In French universities, the primary mode of evaluation is the exposé, a ten- to thirty-minute presentation on a topic relating to the course. While American social science and humanities courses are writing intensive, grading students based on the quality of their essays and research papers, French courses are almost exclusively oral. The professor’s lecture is often squeezed into the time left over after a student’s exposé.

Exposés are difficult to get the hang of at first. American students will be tempted to advance a thesis and to defend it logic and careful research. But nothing will alienate a French professor more than this argumentative approach. The exposé begins with a short introduction before presenting the problematique—the central paradox or question at hand. It then follows a very strict formula of yes, no, maybe. That is, part one will make the case for one answer to or understanding of the question, and part two will invariably take the opposing view. Finally, there will be a conclusion, which is almost always something to the effect of: “One the one hand this, on the other hand that, but, really, who knows?” Students follow this formula like scripture.

My first week I was given the following question: is war natural? If I were in the US, I would have begun with a thesis (yes, indeed, war is natural) before making three points to back up my assertion (first, we are evolutionarily hard-wired for conflict, second…etc.). But, for the French, certainty is anathema to a good exposé. Instead, I began by defining war and then moved on to what it means for something to be natural. After a good deal of wrangling (Are we talking about man in the state of nature? Or simply what humans are predisposed to in the modern age?) I moved to part one, where I argued the affirmative, bouncing like a pinball from contract theory to evolutionary biology to history to literature. In the second part, I argued the negative, tossing around this writer and that. Naturally, no consensus emerged. I ended with no clearer an answer than when I had begun. I was forced to conclude that it was impossible to answer the question definitively, and that it really depended on your definitions and how you felt about Hobbes and Rousseau and this and that. Is war natural? Who knows?
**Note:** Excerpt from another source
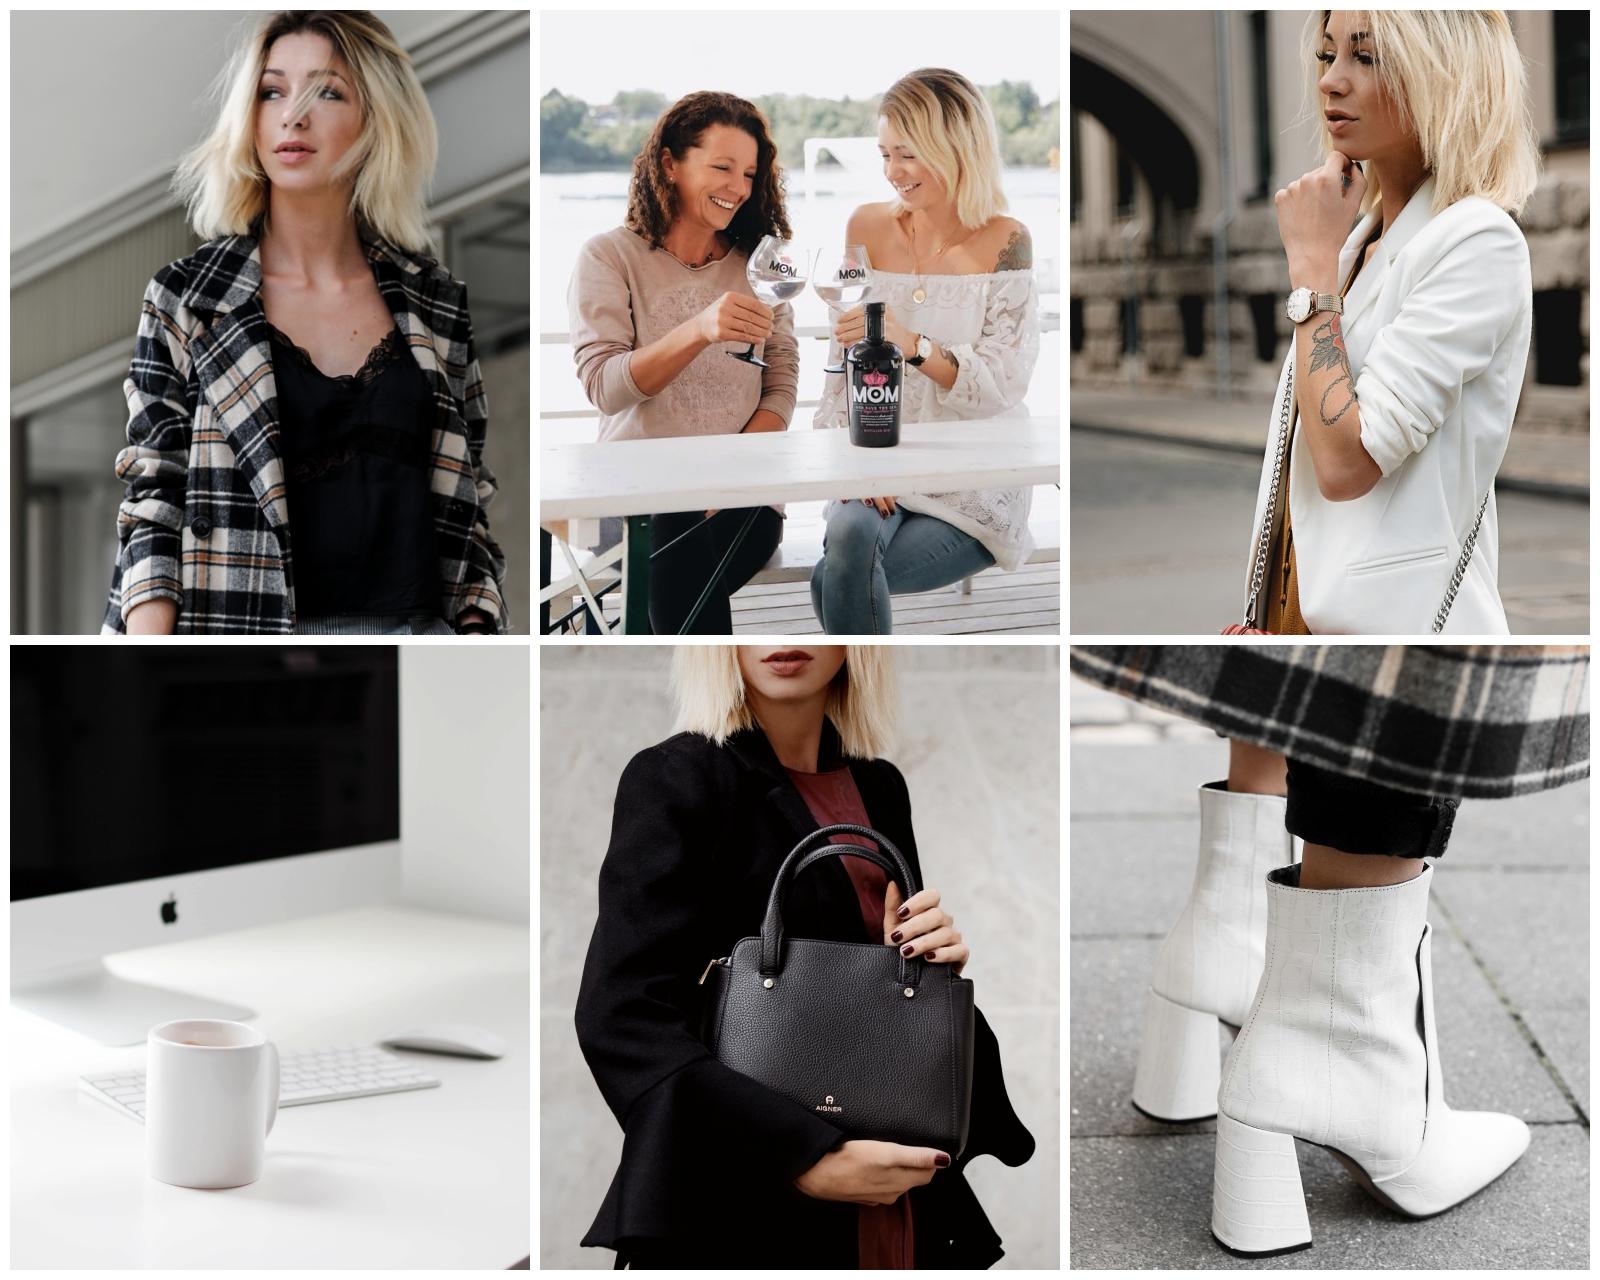 modeblogger-deutsch-fashionblog-germany-high-quality-influencer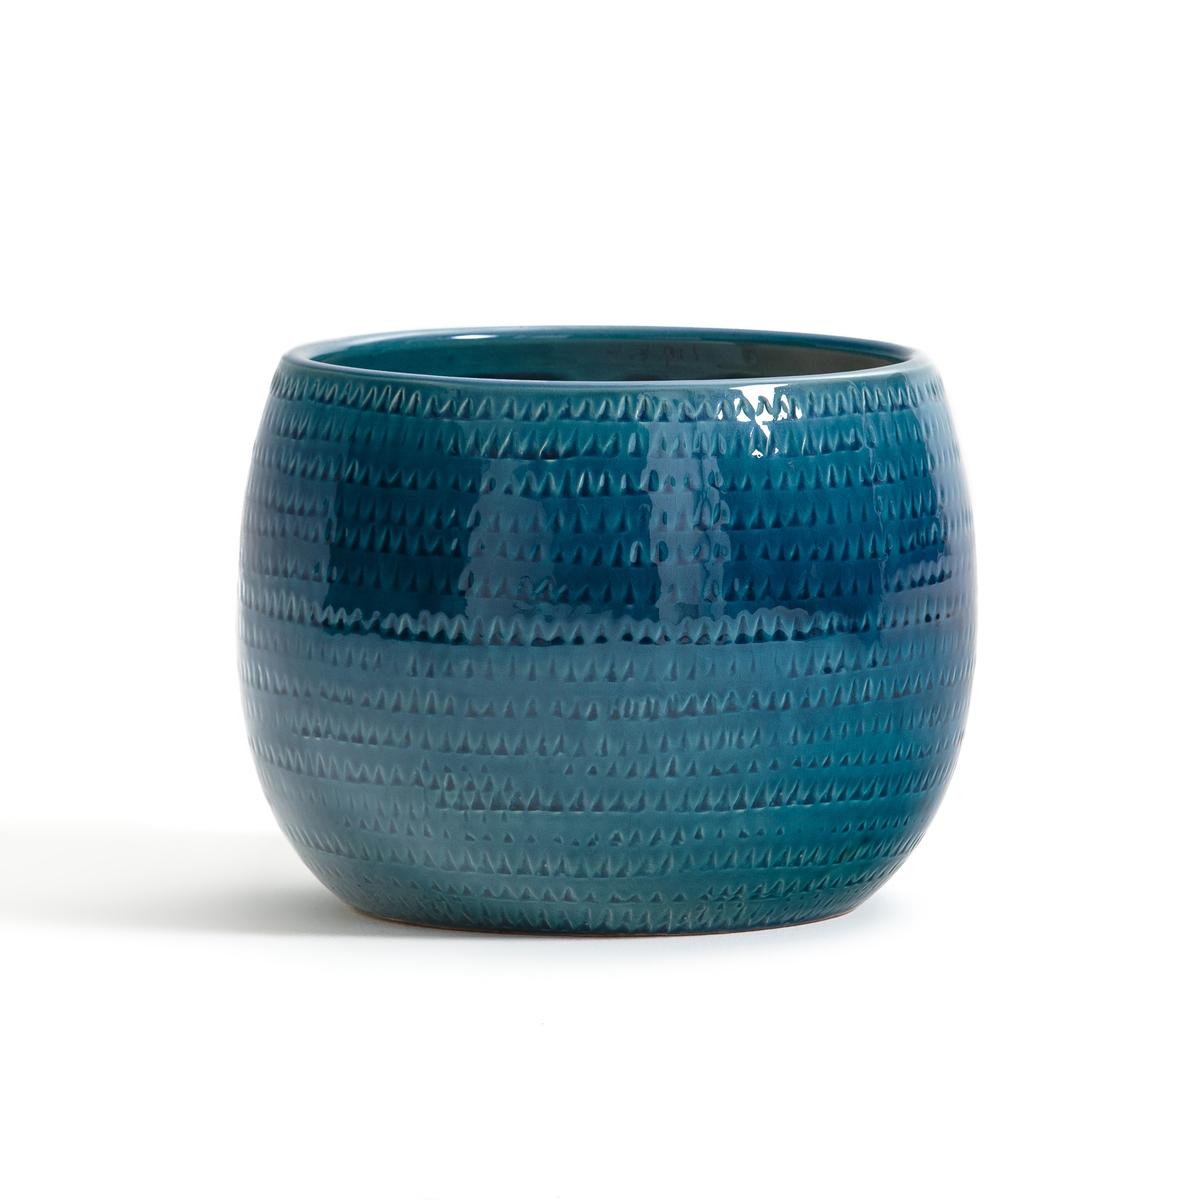 Кашпо из керамики Ø30 x H23 см, Joanis зеркало barbier круглое ø30 см

The professor seemed satisfied with this response.

I can think of two explanations for this unfamiliar way of approaching the course material. The first is that, unlike the American system, the French system emphasizes ambiguity. Relishes it. In the real world, after all, there are no easy answers, and what seems obvious to one person may strike another as misguided. This kind of philosophy—that truth itself is dynamic and subjective—is distinctly un-American. In the US, the worlds of academia and policy-making both rest on the assumption that there is an optimal answer, that the truth is knowable, and that we should strive toward it, even if we know we will fall short. French educators, on the other hand, would likely identify with F. Scott Fitzgerald’s quip that “the sign of a first rate intellect is the ability to hold two opposing ideas in mind and retain the ability to function.”

The second explanation for the French aversion to argumentation was voiced by my fourteen year-old host brother at the dinner table. “Professors,” he said, “think you’re too young and naïve to have an opinion.”

Who knows?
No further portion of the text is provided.